PRESSE

Der Spiegel : Alles, nur nicht Paris

DER SPIEGEL 7 mars 2020

Traduction partielle de l’article de Britta Sandberg dans Der Spiegel du 07.03.2020

A plusieurs centaines de kilomètres au Nord de Perpignan, par un froid samedi matin de février, Violette Spillebout distribue des tracts sur un marché. Elle a 46 ans et est la candidate de La République en Marche. Et c’est bien là son problème. Sa liste a beau s’appeler « Faire respirer Lille », sa proximité avec le gouvernement lui colle à la peau. Le parti fondé pour permettre à Emmanuel Macron d’accéder au pouvoir souffre de devoir porter la responsabilité de la politique menée par l’Elysée. « Votre campagne électorale, je la trouve bien » dit un homme à un stand vendant des huîtres. « Mais mon problème, c’est que vous faites cause commune avec  Emmanuel Macron ». 

Pendant 12 ans, Violette Spillebout a été une proche collaboratrice de la maire socialiste Martine Aubry jusqu’à ce qu’elle quitte la mairie en 2013. Elle veut empêcher Martine Aubry, fille de l’homme politique Européen Jacques Delors, d’obtenir un quatrième mandat de maire. Au bout de 19 ans, l’équipe de Martine Aubry à la mairie est fatiguée et est dans l’auto-satisfaction, dit-elle. De plus, elle a le contrôle sur l’attribution des postes et des subventions dans une grande partie de la ville. 

Tous les samedis, Violette Spillebout se rend sur deux à trois marchés, puis elle enchaîne avec un rendez-vous fixe dans son local de campagne, un apéritif avec les bénévoles de son équipe. Ensuite, elle continue sa campagne avec les associations sportives, les groupes de jeunes, le porte à porte. Depuis des semaines, elle assume quatre à cinq rendez-vous par jour. Pour le soir, elle a inventé la formule « Dîner entre amis » : les hôtes invitent jusqu’à 15 amis, elle vient et répond aux questions concernant son programme. 

C’est ainsi qu’elle a progressé dans les sondages de 5 à tout juste 20% – trop peu pour battre Martine Aubry, mais pas mal pour une première candidature dans des conditions difficiles. 

Récemment, Violette Spillebout a dû déposer plainte, ses meetings de campagne étant régulièrement perturbés par des représentants du parti de gauche « La France insoumise » qui protestent contre la réforme des retraites du gouvernement. Elle n’a pas encore fait remplacer les vitres cassées de son local de campagne, elles risquent d’être à nouveau saccagées dans les jours qui viennent, dit-elle. 

« Nous restons tout de même optimistes, il y a encore beaucoup d’indécis » dit-elle.
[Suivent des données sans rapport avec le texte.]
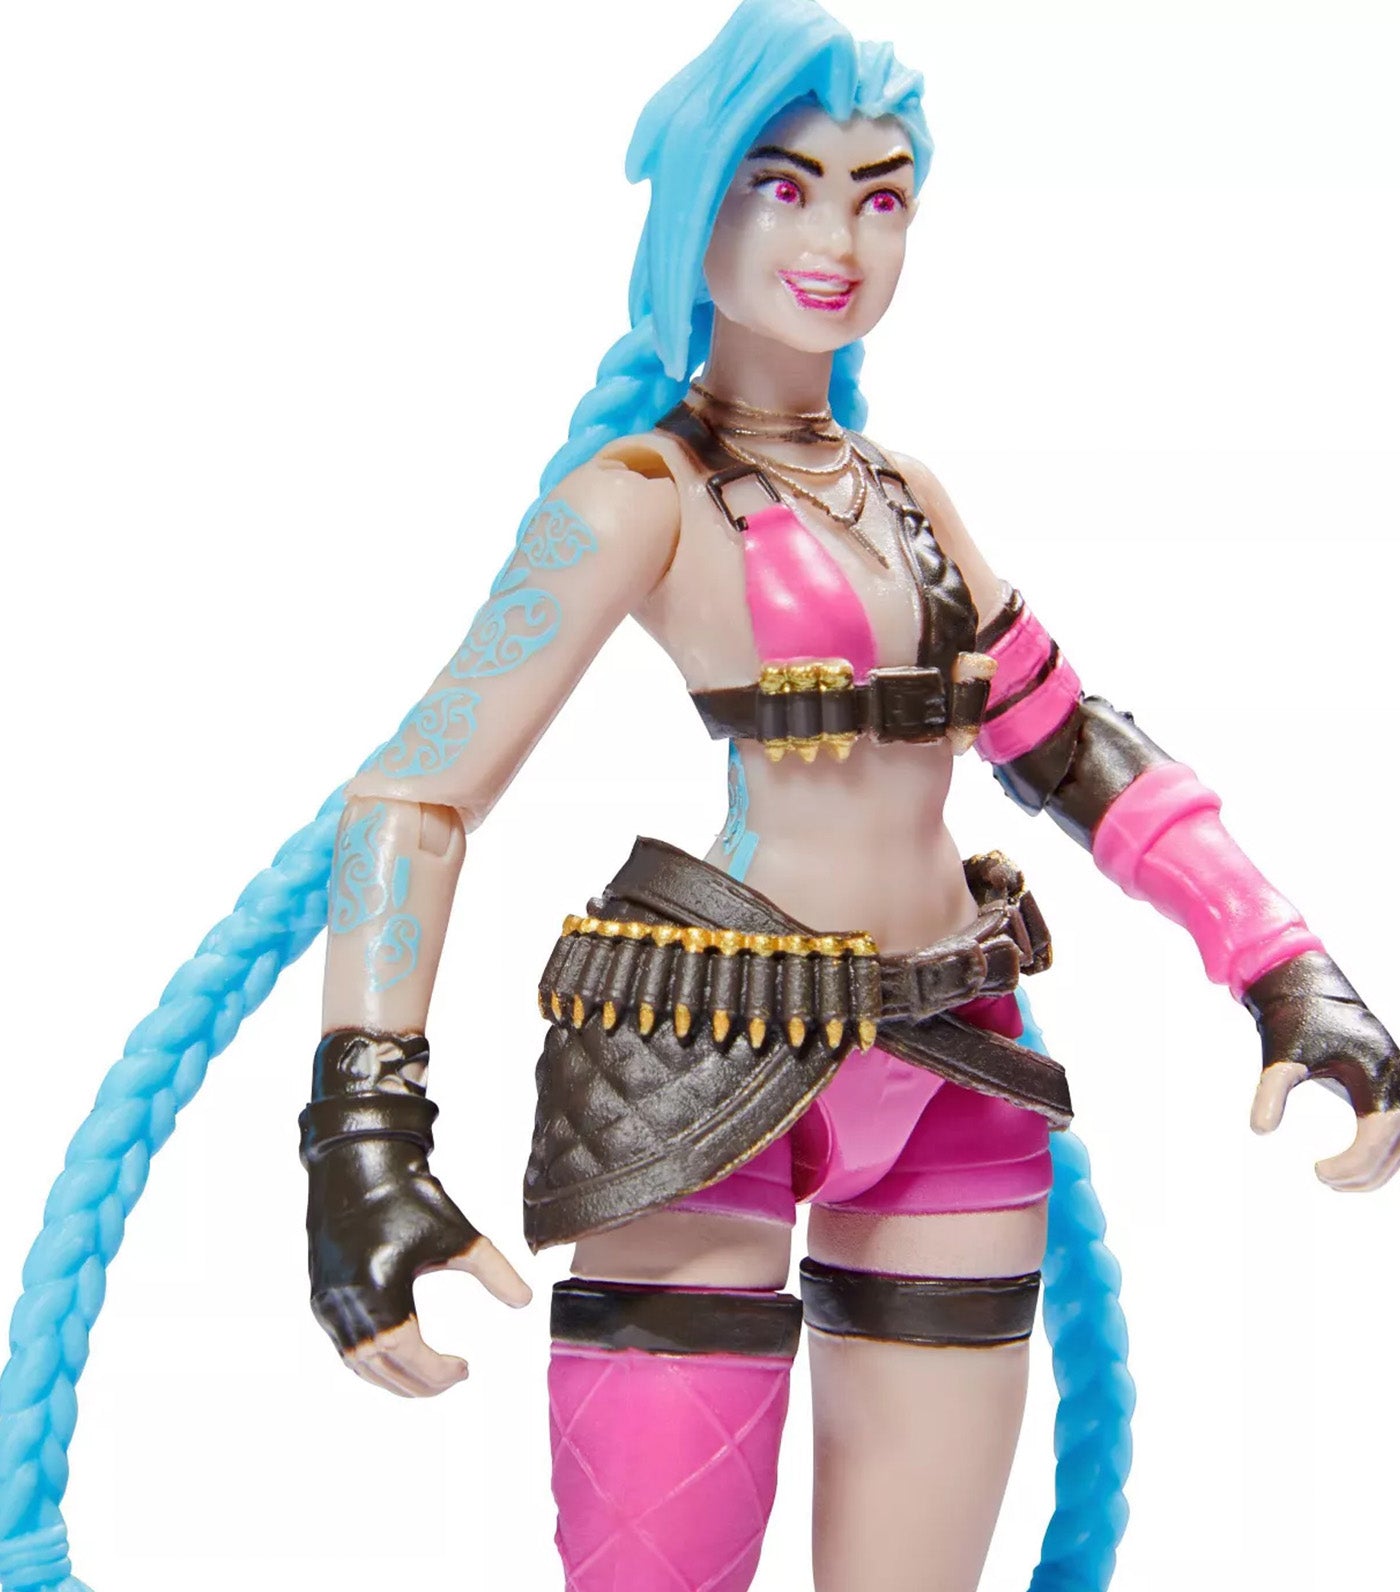 4in Jinx Collectible Figure

Dans son programme, il y a beaucoup de propositions qui s’adressent aux électeurs au-delà des partis : investir davantage dans la sécurité, avoir davantage de fonctionnaires de police, des cantines gratuites dans les écoles primaires, verdir de grands espaces urbains et développer un plan anti-solitude pour les citoyens plus âgés. 

L’après-midi, Violette Spillebout rend visite à un club de boxe pour jeunes dans un quartier considéré comme difficile. Elle discute avec les entraineurs, les mères, les bénévoles. Tous se réjouissent de sa venue. Pourtant, ils ne se laisseront pas photographier avec elle : ils craignent que la maire actuelle ne leur supprime la subvention de l’association. 

Les partis traditionnels sont si impopulaires que de nombreux candidats aux municipales se présentent sans étiquette. Ils mettent en avant le fait qu’ils n’ont rien à voir avec les politiques au niveau national.

Pour les instituts de sondage, les résultats du premier tour seront difficiles à interpréter car ils ne rentreront pas dans le schéma classique de l’opposition gauche droite. Actuellement il semble certain que les Verts gagneront plusieurs mairies et que le « Rassemblement national » réussira surtout dans les communes de taille moyenne. Quant au parti de gouvernement d’Emmanuel Macron qui n’existe que depuis quelques années et qui est loin de couvrir tout le territoire, les pronostics sont plutôt mauvais.  Le président est impopulaire. Le parti qui a en son temps balayé tous les autres partis est en difficulté. A Paris, symbole important, sa candidate Agnès Buzyn n’est qu’à la troisième place.  Dans de nombreuses villes LaREM a conclu des alliances et soutient des candidats de gauche ou conservateurs sans présenter les siens.